The Zita the Spacegirl trilogy is a young adult graphic novel series that starts with a simple premise but builds into something so much more over time.
The story begins when Zita and a friend find a mysterious box with a huge red button on it, which seems to have fallen from space. Being ever adventurous, young Zita presses the button, a portal opens up and tentacles grab her friend and drag him through it. As she is to blame for her friend’s kidnapping, Zita feels that she must rectify the situation and so she presses the red button once again and travels through the portal and this is where her wild adventure begins. She soon realizes getting back to earth is not going to be easy and spends three graphic novels travelling through space helping various aliens she meets along the way whilst still trying to find her lost friend, kinda like an intergalactic Littlest Hobo.
After saving a planet in her first adventure (in Zita the Spacegirl) she discovers that fame has its price in the second novel ( in Legends of Zita the Spacegirl) and must recover her spaceship after a doppelgänger robot assumes her identity and goes off on a mission to fight an evil alien horde.

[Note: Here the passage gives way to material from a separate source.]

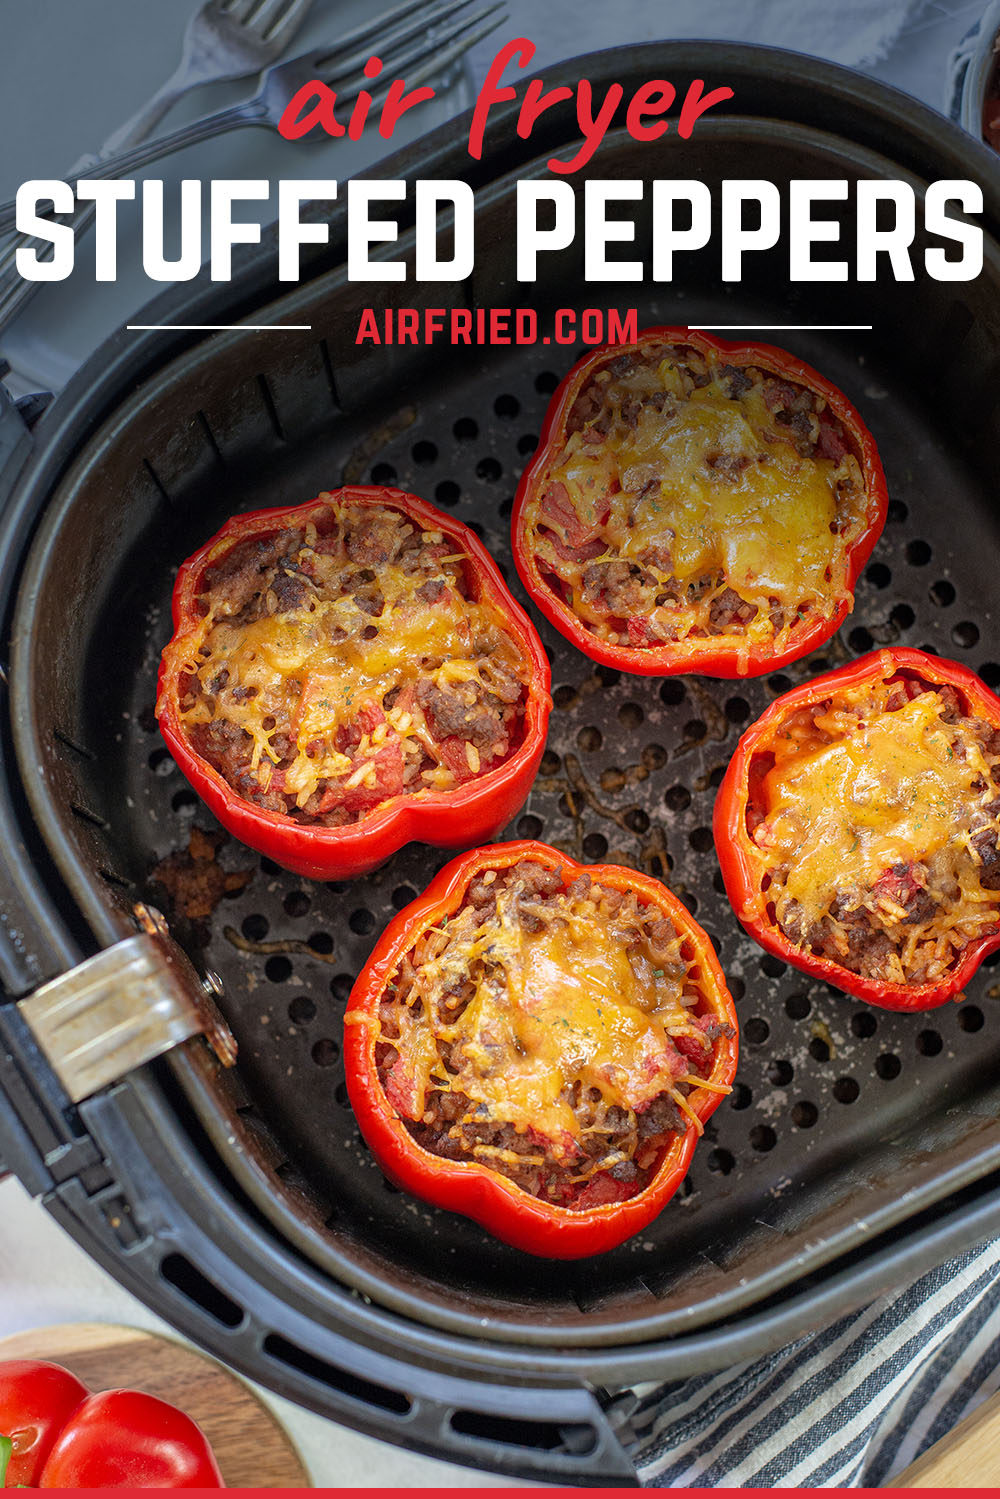 These stuffed peppers cook in about 15 minutes in the air fryer - so quick and simple!

In the third and final novel, The Legend of Zita, she must stop a crazy dictator as he plans to invade Earth with his galactic army. Can she stop him? What do you reckon?
The character of Zita is wonderfully realised as she no real powers, just her intelligence, determination and her sense of loyalty. She makes friends with some pretty reprehensible and unlikeable people but through her sheer good will and kindness, she commands loyalty and respect and turns some people around... like a pre-teen Teen Angel (yes, my references are old)
Writer and illustrator Ben Hatke has a fun, almost naive art style but this betrays a world building masterclass; what he has created is similar in style to the imperious Saga or Star Wars... high praise indeed, but when you read the novels you know that there is a bigger world with a wide and varied bestiary with potentially an entire lore-filled universe.
The Zita trilogy is an excellent graphic novel series that I wish I'd had in my youth, alongside Asterix and Tintin. Its premise is fun and instantly engaging and, with an expanded universe potentially presented at the story's conclusion, ripe for an imagination to let loose on and let fly. Check it out or miss it at your peril graphic novel fans!